Veiligheidsregelementen

Download Report

Transcript Veiligheidsregelementen

Veiligheidsreglement SV Dongeloop

Veiligheidsregels die gelden voor iedereen die zich op het schietsportcentrum Tichelrijt bevindt

1.

Iedereen die tijdens de verenigingsavonden van SV Dongeloop aanwezig is op het schietsportcentrum Tichelrijt, dient zich aan deze veiligheidsvoorschriften te houden, ongeacht of hij komt schieten of niet. 2.

Ieder (ballotage, aspirant of volwaardig) lid dient zich bij binnenkomst op het schietsportcentrum in te schrijven in het presentieregister van SV Dongeloop, ongeacht of hij komt schieten of niet. 3.

Iedere lid dient gedurende zijn verblijf op het schietsportcentrum zijn lidmaatschapsbadge zichtbaar te dragen, derhalve ook in de kantine. 4.

Iedere gastschutter of introducé dient zich onder begeleiding van een bestuurslid van SV Dongeloop in te schrijven in het introducéregister. 5.

Gasten en introduce’s dienen een badge te dragen waaruit blijkt dat zij te gast zijn bij SV Dongeloop. 6.

Schutters van andere verenigingen die contractueel op de verenigingsavonden van SV Dongeloop mogen schieten en beschikken over een lidmaatschapsbadge van hun eigen vereniging waaruit blijkt dat zij volwaardig lid zijn van deze vereniging, worden voor de toepassing van dit reglement gelijkgesteld met leden van SV Dongeloop.

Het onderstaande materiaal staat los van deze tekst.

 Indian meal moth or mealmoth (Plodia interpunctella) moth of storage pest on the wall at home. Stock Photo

Als zij niet over een dergelijke lidmaatschapsbadge beschikken, worden zij gelijkgesteld met een gast van SV Dongeloop.

Veiligheidsregels die specifiek gelden op de schietbanen (pistool en geweer)

7.

Gasten, introducés, ballotage- en aspirantleden mogen niet op de baan aanwezig zijn of een schietoefening doen zonder dat een bestuurslid of een KNSA gecertificeerde trainer van SV Dongeloop hiervoor toestemming heeft gegeven. 8.

Indien er een KNSA gecertificeerde Verenigings Veiligheids Functionaris (VVF) op de schietbaan aanwezig is, treedt deze op als baancommandant. Indien er geen KNSA gecertificeerde VVF op de baan aanwezig is, is de schutter op het meest rechtse schietpunt die volwaardig lid is van SV Dongeloop de baancommandant. 9.

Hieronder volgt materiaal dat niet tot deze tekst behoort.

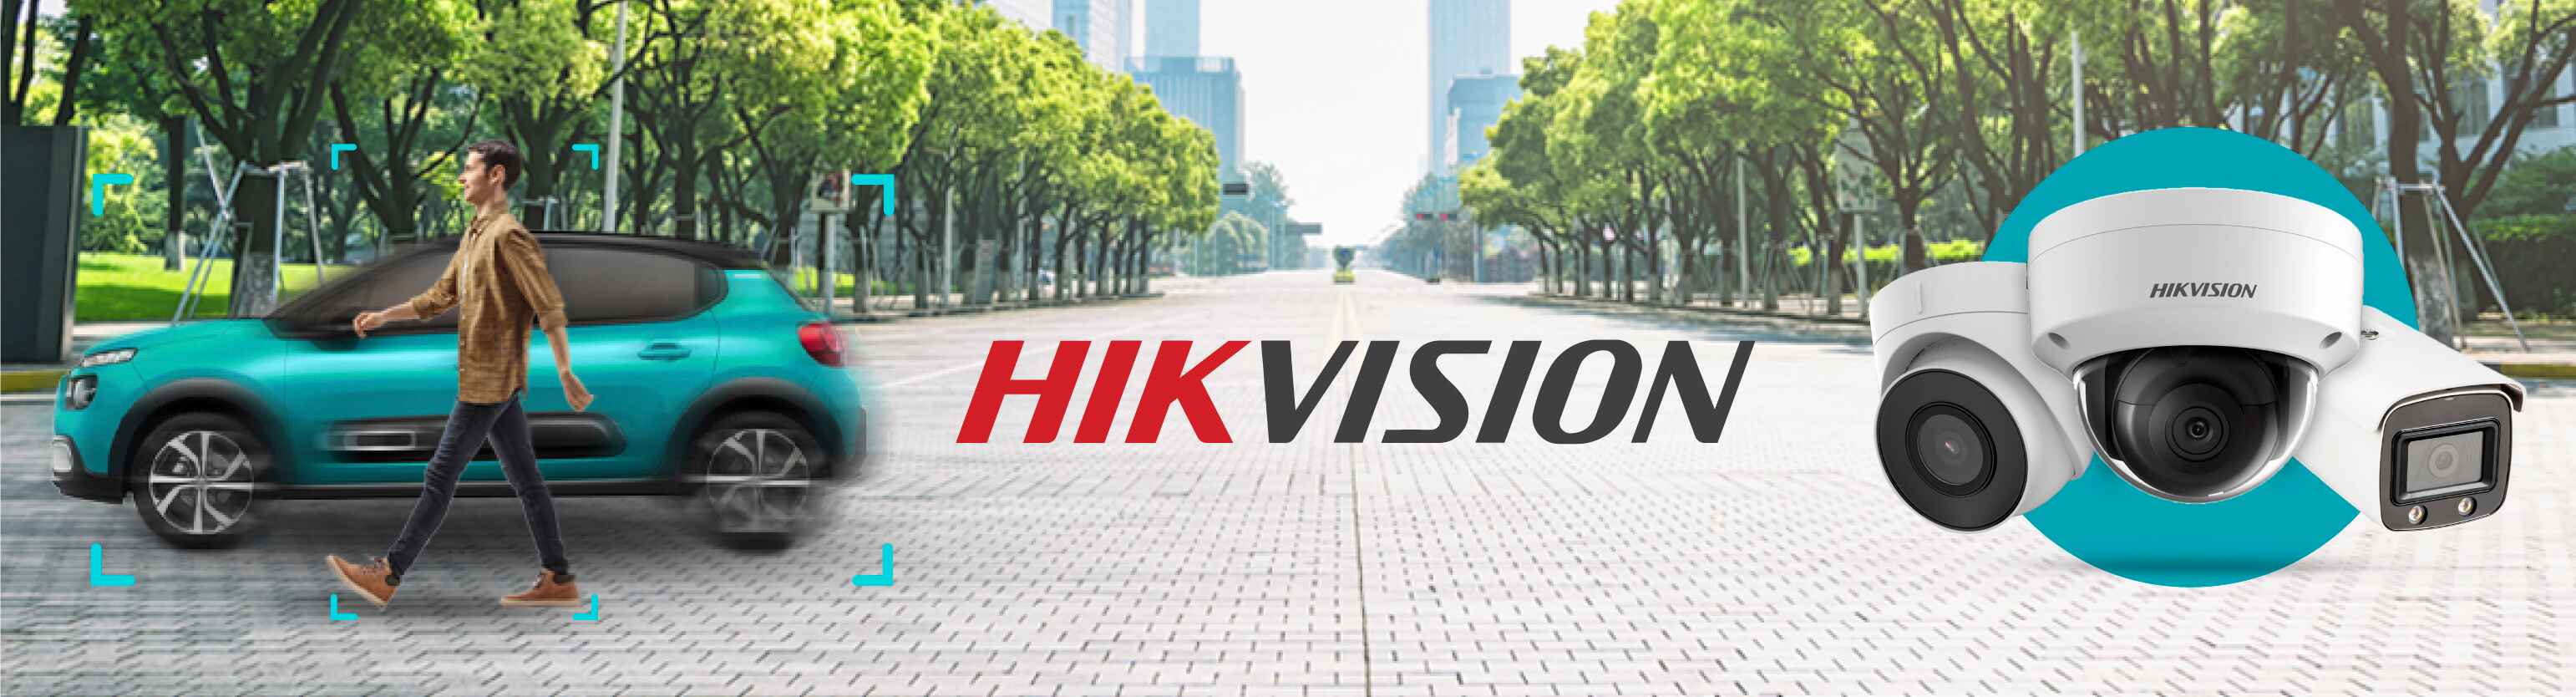 18-facts-about-hikvision

Iedere schutter dient de aanwijzingen van de baancommandant zonder tegenspraak en onverwijld op te volgen. 10.

Verenigingspistolen / -revolvers dienen in de koffertjes vervoerd te worden van de wapenkluis naar de pistoolbaan. De pistolen / revolvers worden, nadat de baancommandant hiervoor toestemming heeft gegeven, op de schietpunten uit de koffertjes gehaald, gecontroleerd en vervolgens met een kamervlag in de kamer, geopend en met de loop daar de kogelvanger, neergelegd.

11.

De baancommandant geeft aan wanneer de schutters zich gereed kunnen maken, kunnen laden en mogen schieten. Pas nadat hij gecontroleerd heeft of alle schutters hun gehoorbescherming dragen en hij de rode lampen boven de schietpunten heeft uitgezet mag er geschoten worden. 12.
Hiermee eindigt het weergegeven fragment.